The show was good, not exactly my normal thing, but enjoyable in a slightly Banarama-type music that I’ve never actually heard kind of way…Once that was done we had a couple of pints then headed out, home and back to sleep.
Sunday dawned fairly well. Following a conversation with Grace and Mike (Carolyn’s flatmate and her boyfriend) we’d decided to do brunch, which it turns out in NYC is all you can drink! Now, being an Englishman who remembers (although not personally) the experiment with that concept in an Oldham club, and the subsequent media shitstorm, I can still barely belive such a thing is legal (actually apparently it’s not, but brunch has a vague exception…) Anyway, we headed for some fancy brekkie, with literally gallons of bucks fizz…it was good, but god did we drink…

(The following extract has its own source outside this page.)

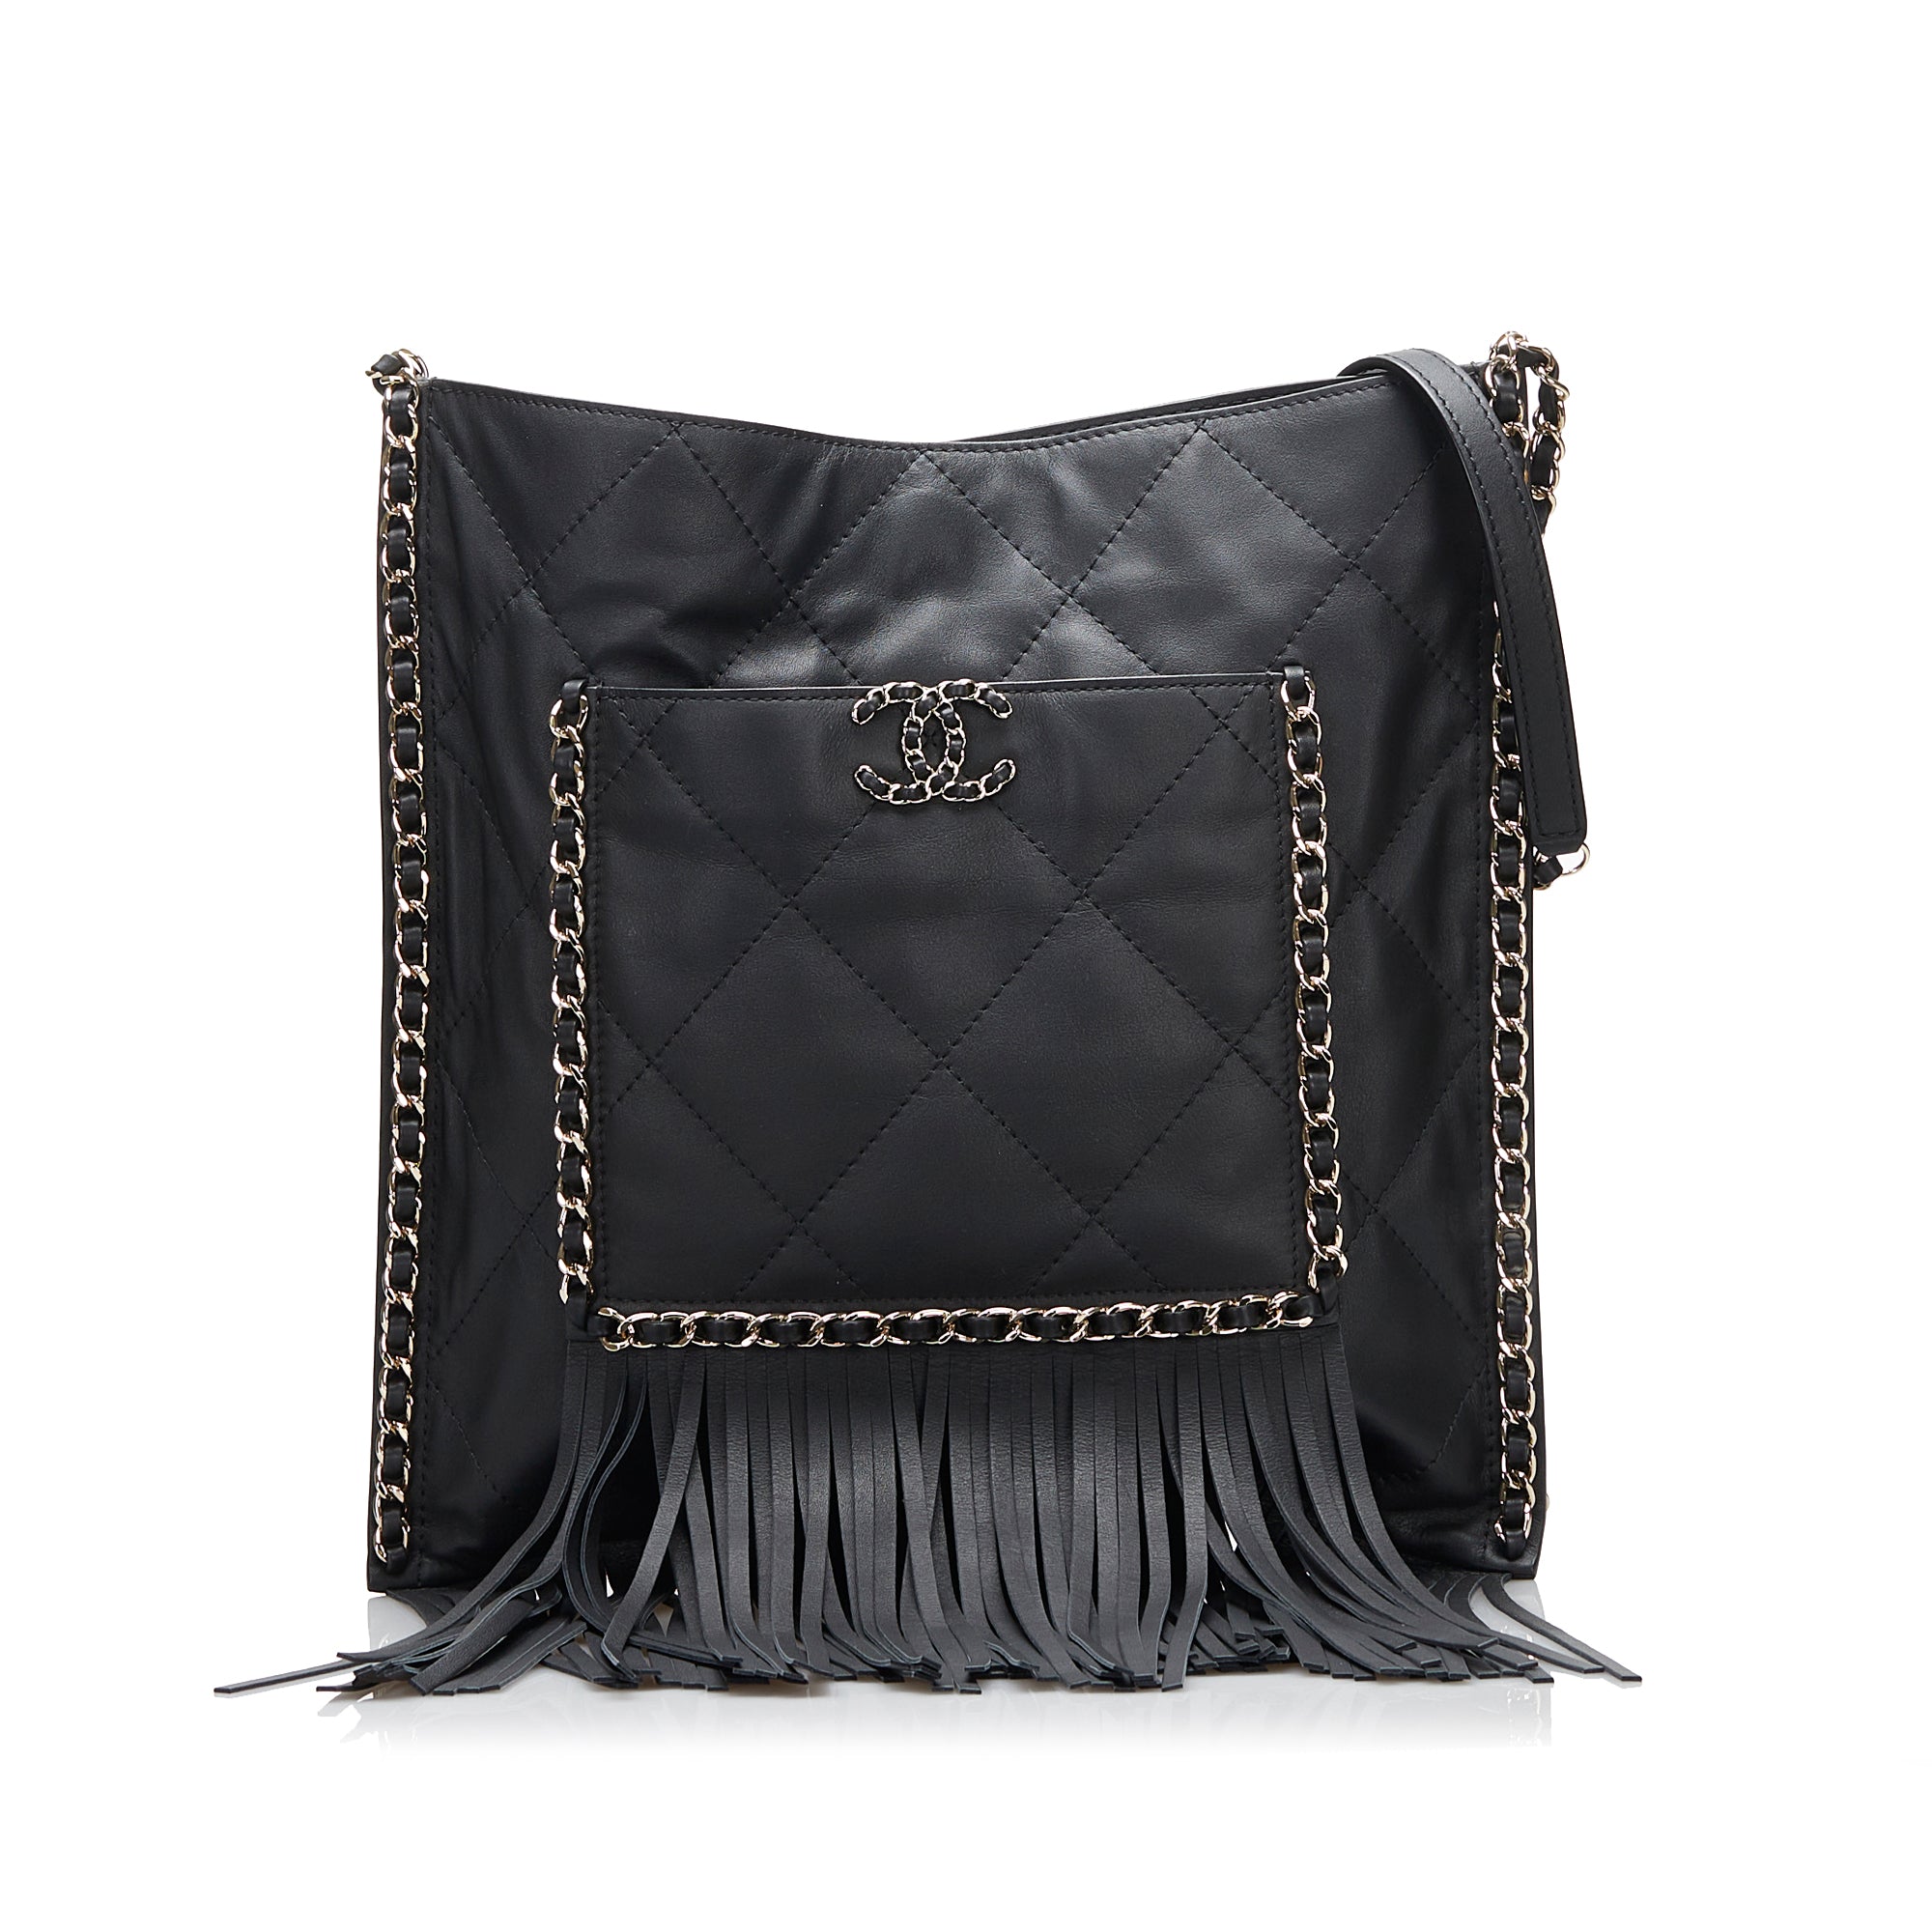 Tan Chanel CC Wild Stitch Handbag

After that we started wandering about, but with me being a spot hop-along with my cripple ankle, I couldn’t keep up when drunk Carolyn decided to go running around Manhattan. Once she’d disappeared from sight, I found myself a decent pub and settled in, waiting for her to call me back. This continued through two or three pubs (the first one cut us off once she arrived, probably quite rightly too!), but eventually we settled into a bit of day drinking. We crashed out around half 9 [that’s bollocks, Carolyn decided she was done around 9, hailed a cab and we headed home…at half 9 she went to bed – tired Carolyn is a bit of a pain in the arse!].
It was awesome.
The early seeds of a new trip to Morocco next year also came up, and maybe even cooler, a trip to Rwanda the year after that. But those will both have to wait – Carolyn is a truly anal planner, however I am not. My next trip is to Iceland in June with my parents, and I have little in mind beyond that at the minute. But as long as my backpack lasts, and I know where my towel is, there will be a trip to somewhere in the back of my mind (or two, or three). And they will all happen, eventually.